#### Data below
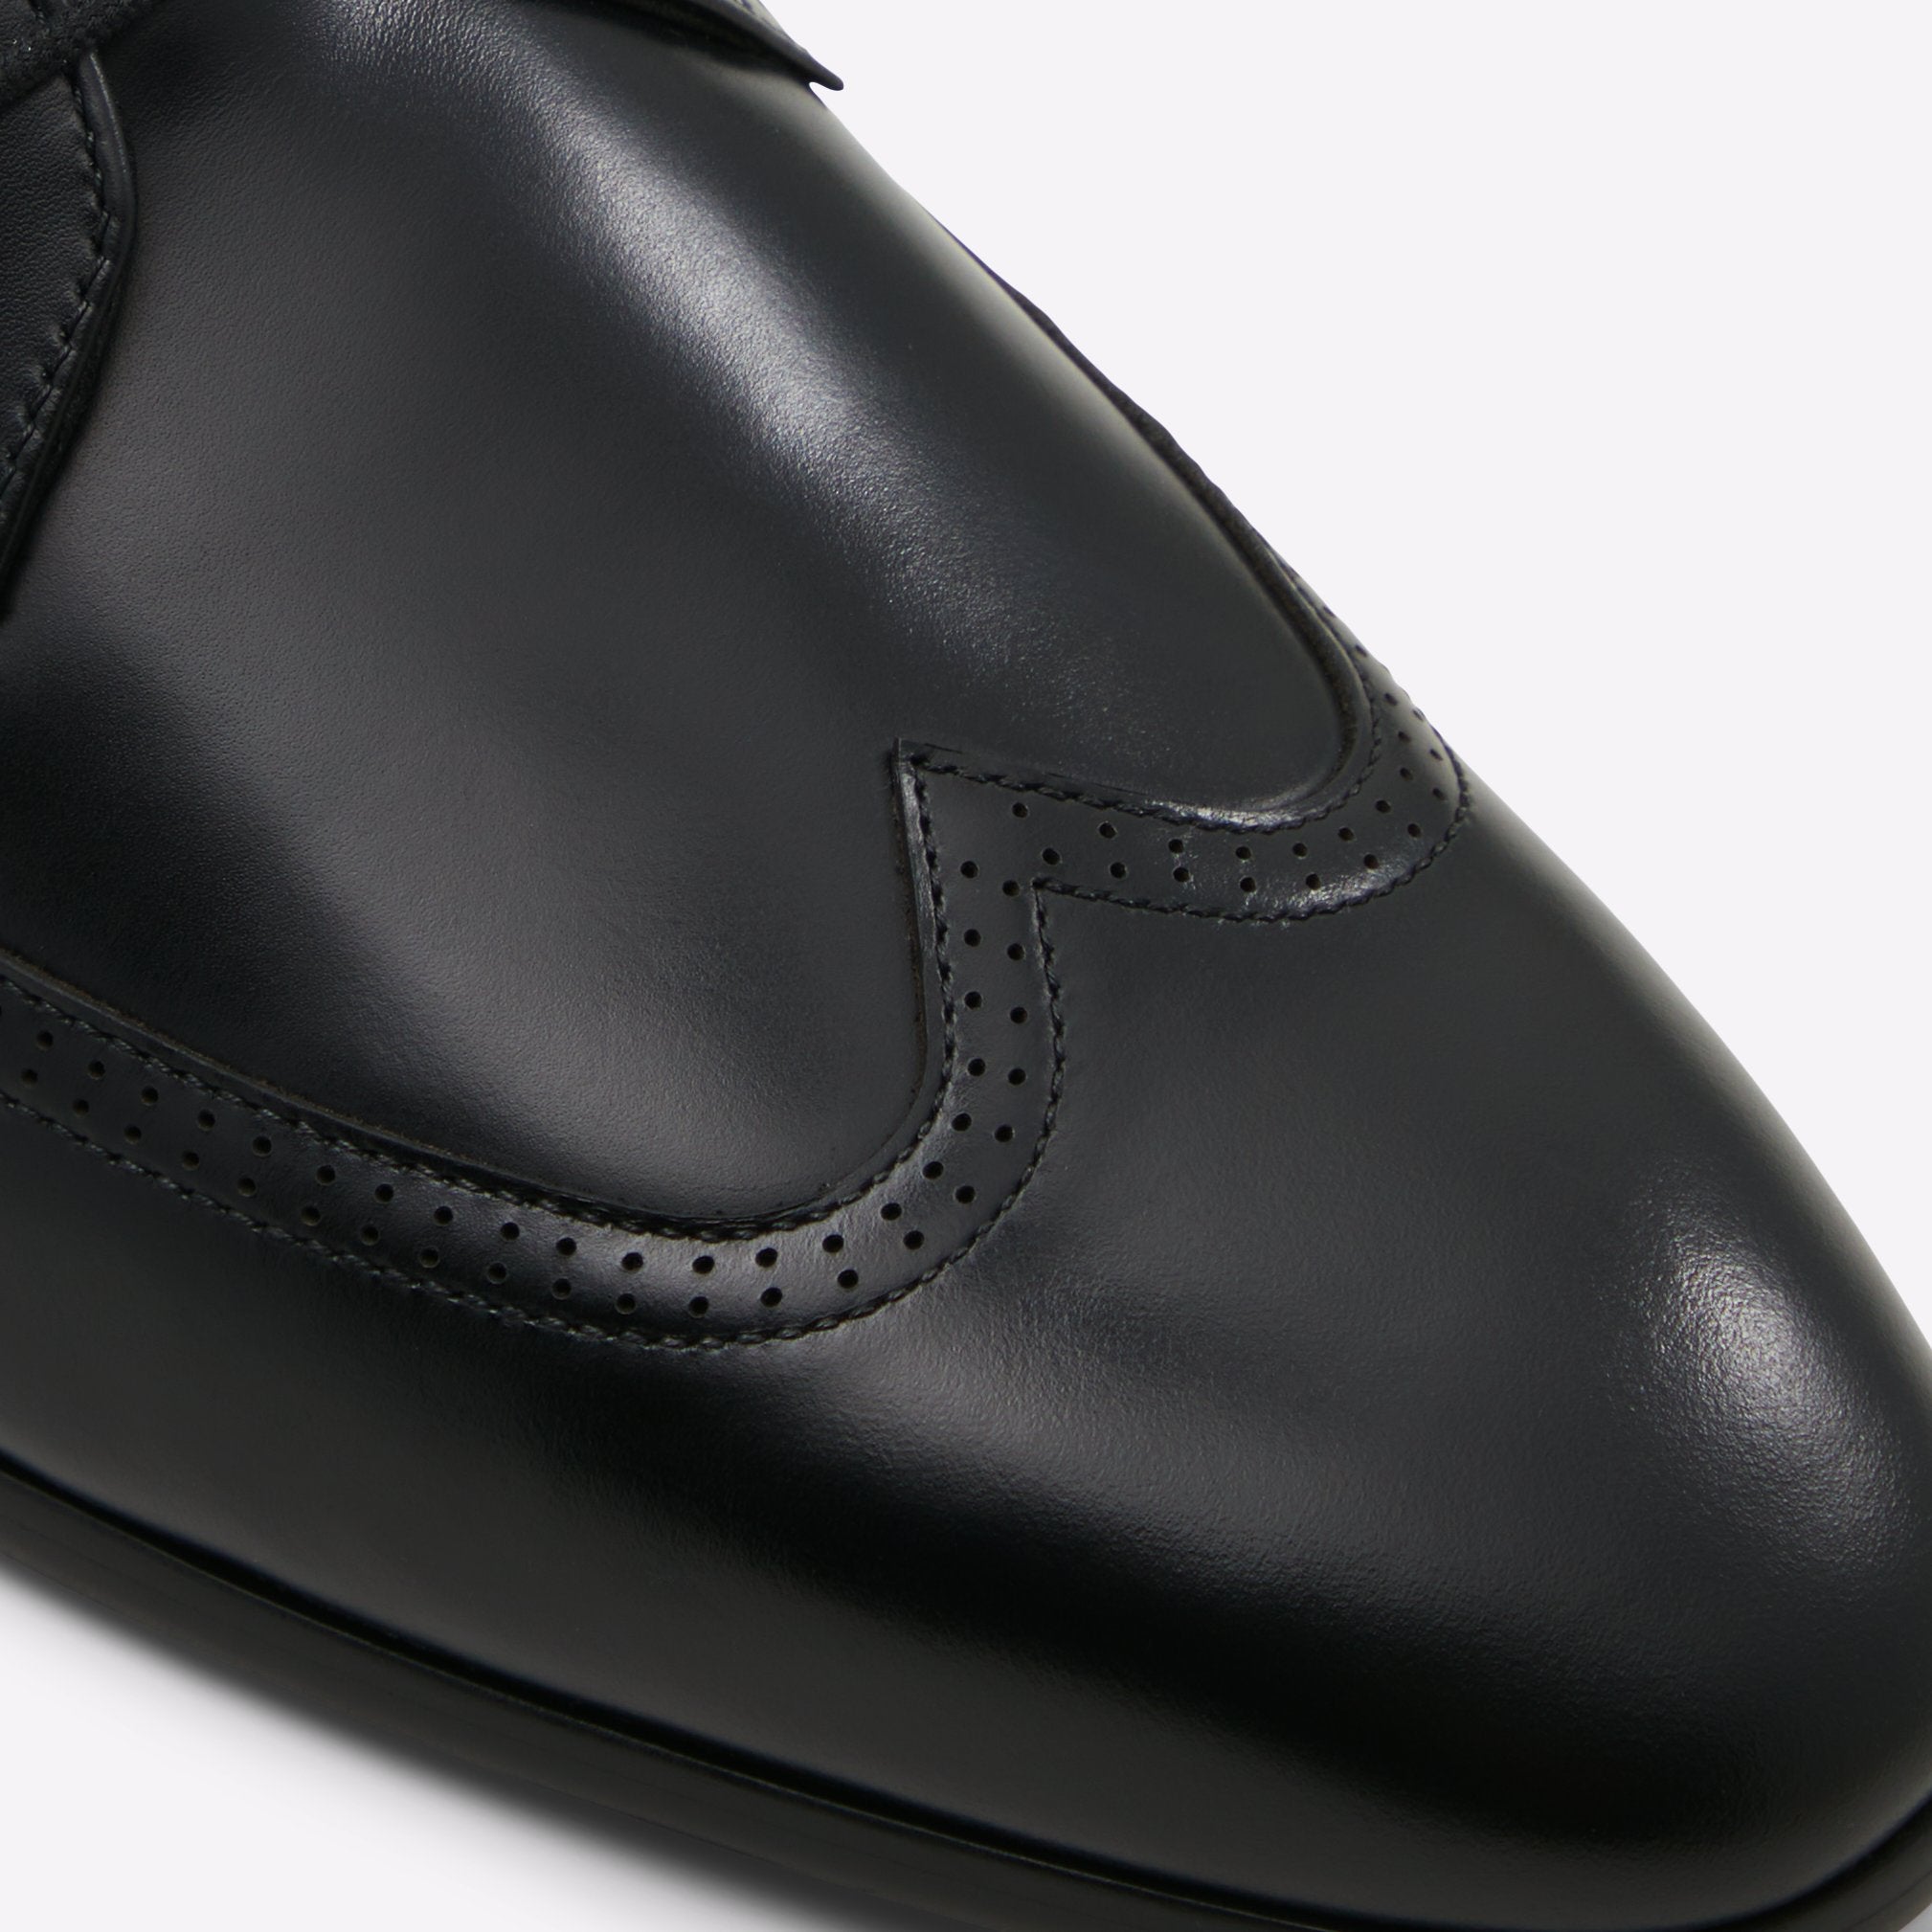 Dumond Men Shoes - Black - ALDO KSA
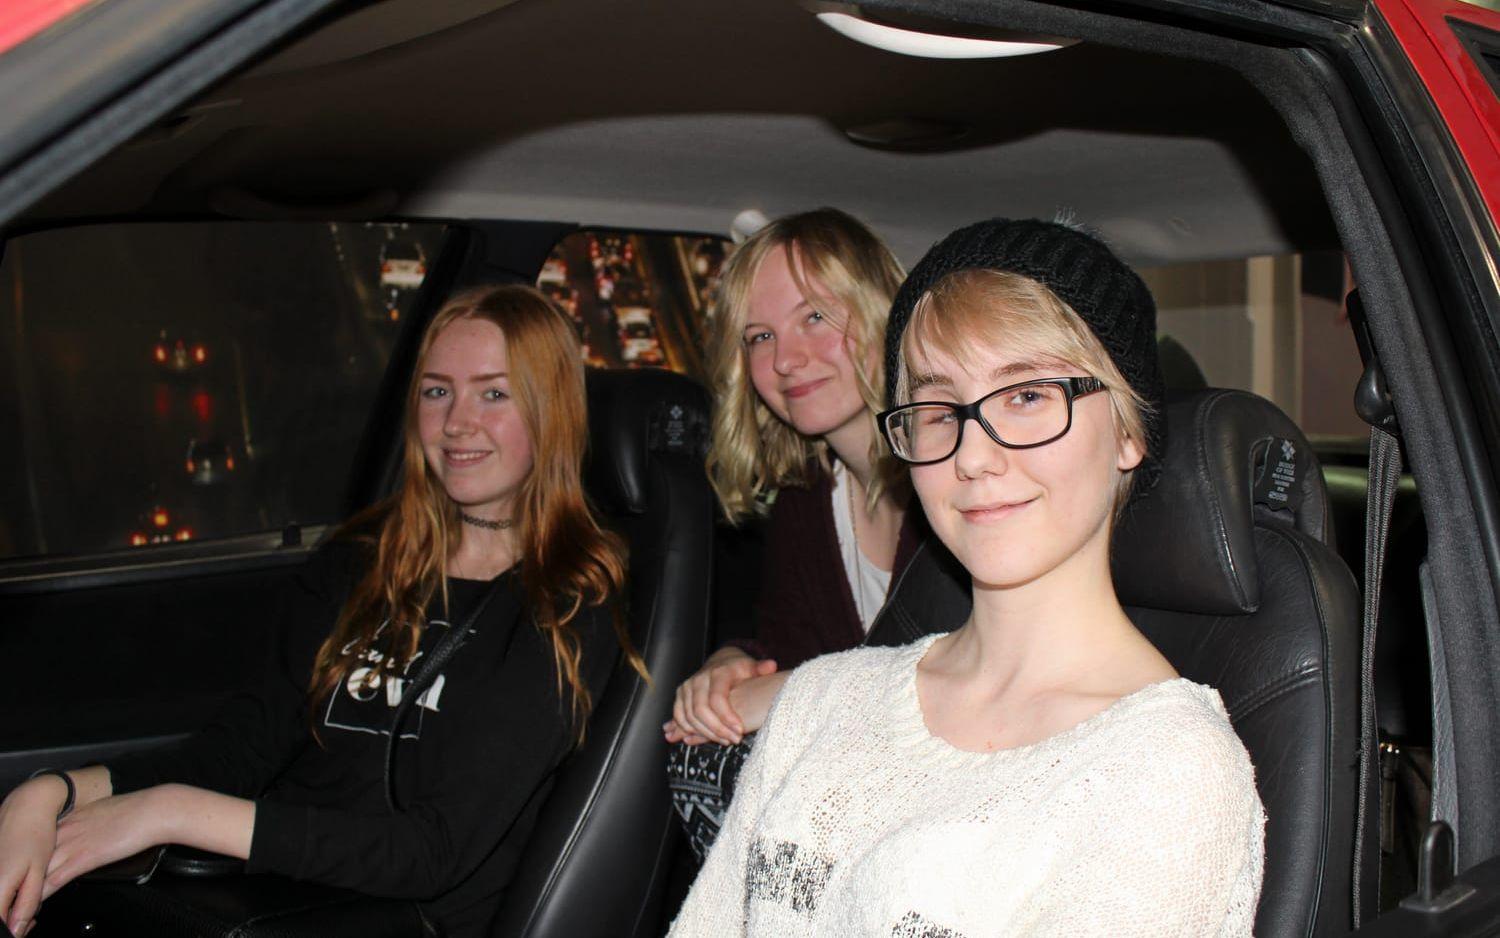 Trion Veronica Berggren, Rosanna Hygren och Malin Persson läser design och stod bakom kameran när eleverna gjorde filmen om hur Saabs historia började. Bild: Mari-Louise Anderstedt
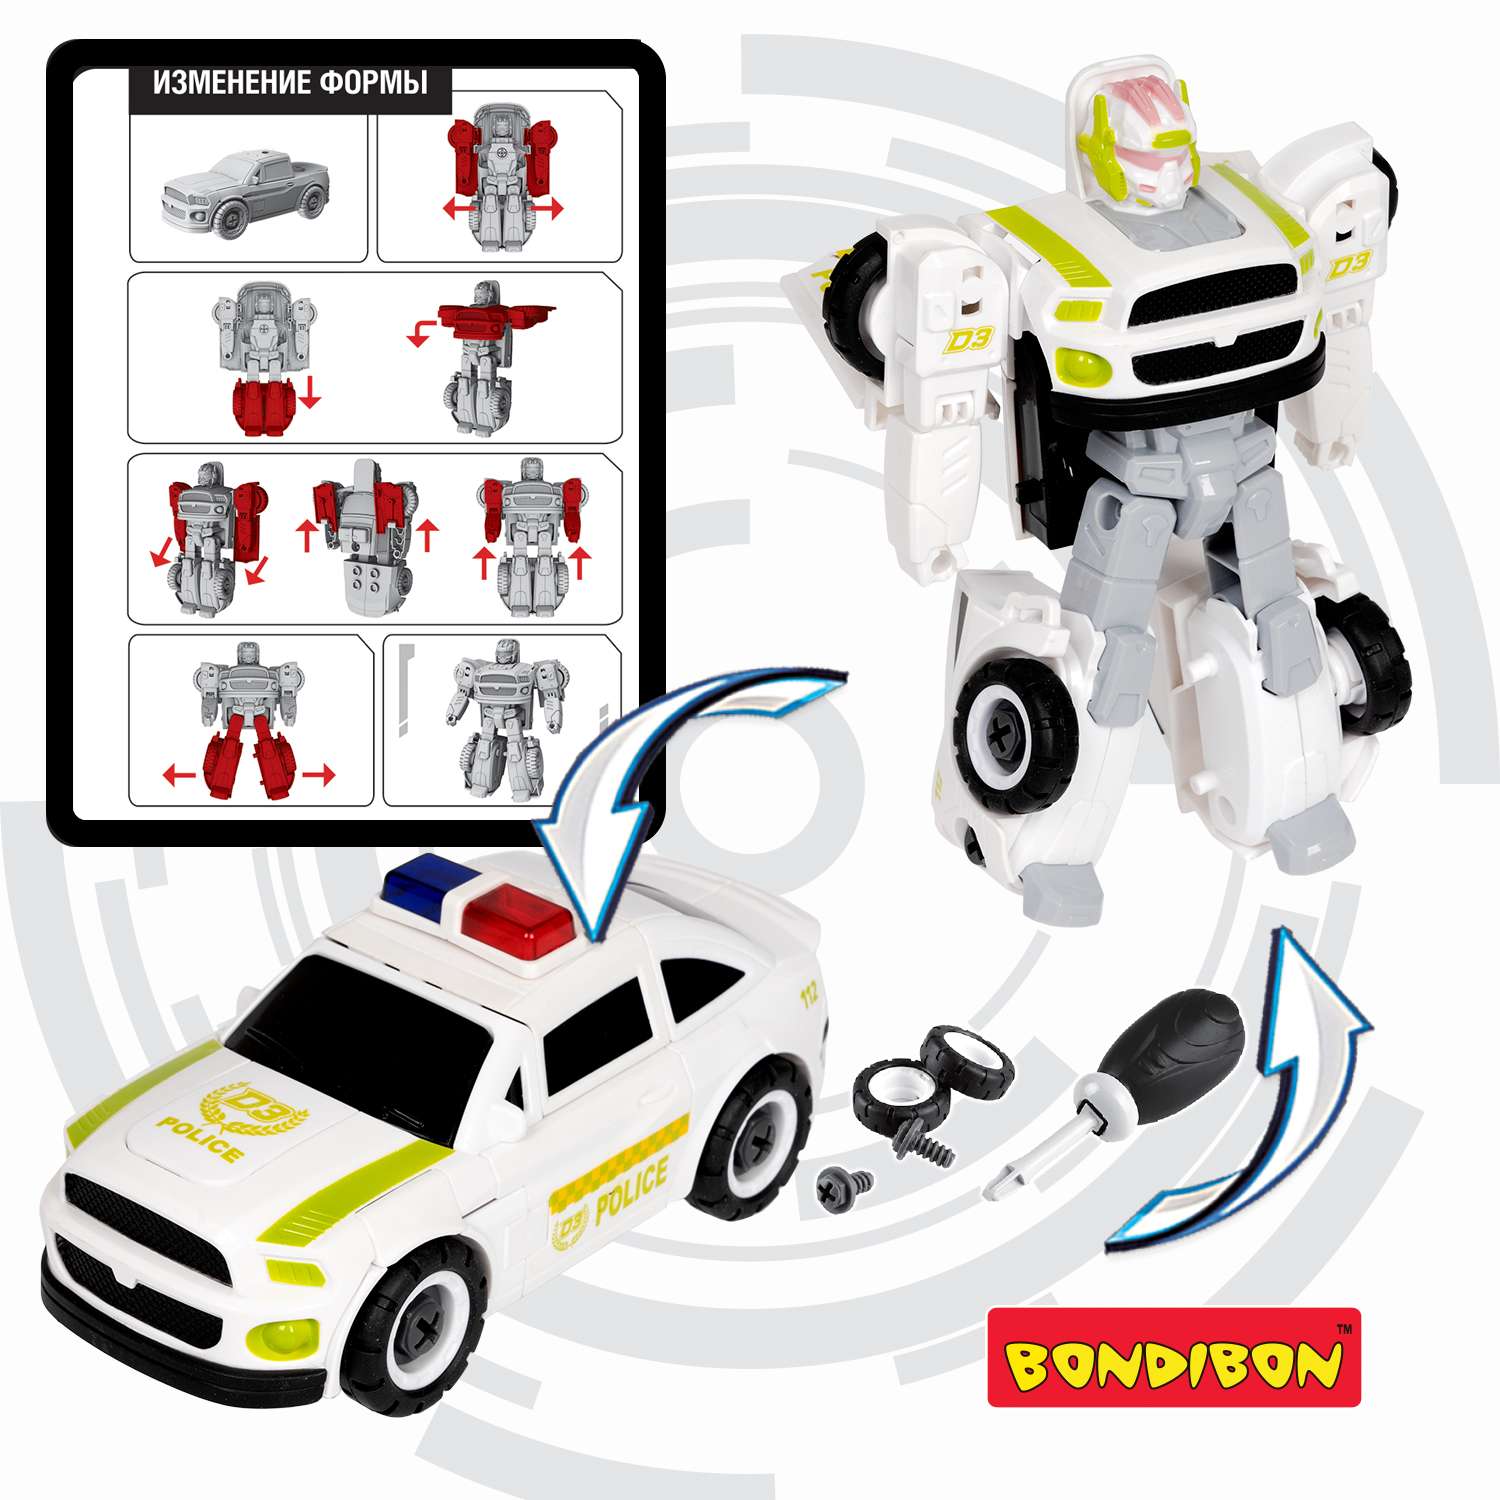 Трансформер BONDIBON Bondibot Робот-автомобиль 2 в 1 с отвёрткой Полиция белого цвета - фото 6

#### Task description
Your copy of the data above should match it exactly, apart from the images.

#### Task response
 Dumond Men Shoes - Black - ALDO KSA
 Trion Veronica Berggren, Rosanna Hygren och Malin Persson läser design och stod bakom kameran när eleverna gjorde filmen om hur Saabs historia började. Bild: Mari-Louise Anderstedt
 Трансформер BONDIBON Bondibot Робот-автомобиль 2 в 1 с отвёрткой Полиция белого цвета - фото 6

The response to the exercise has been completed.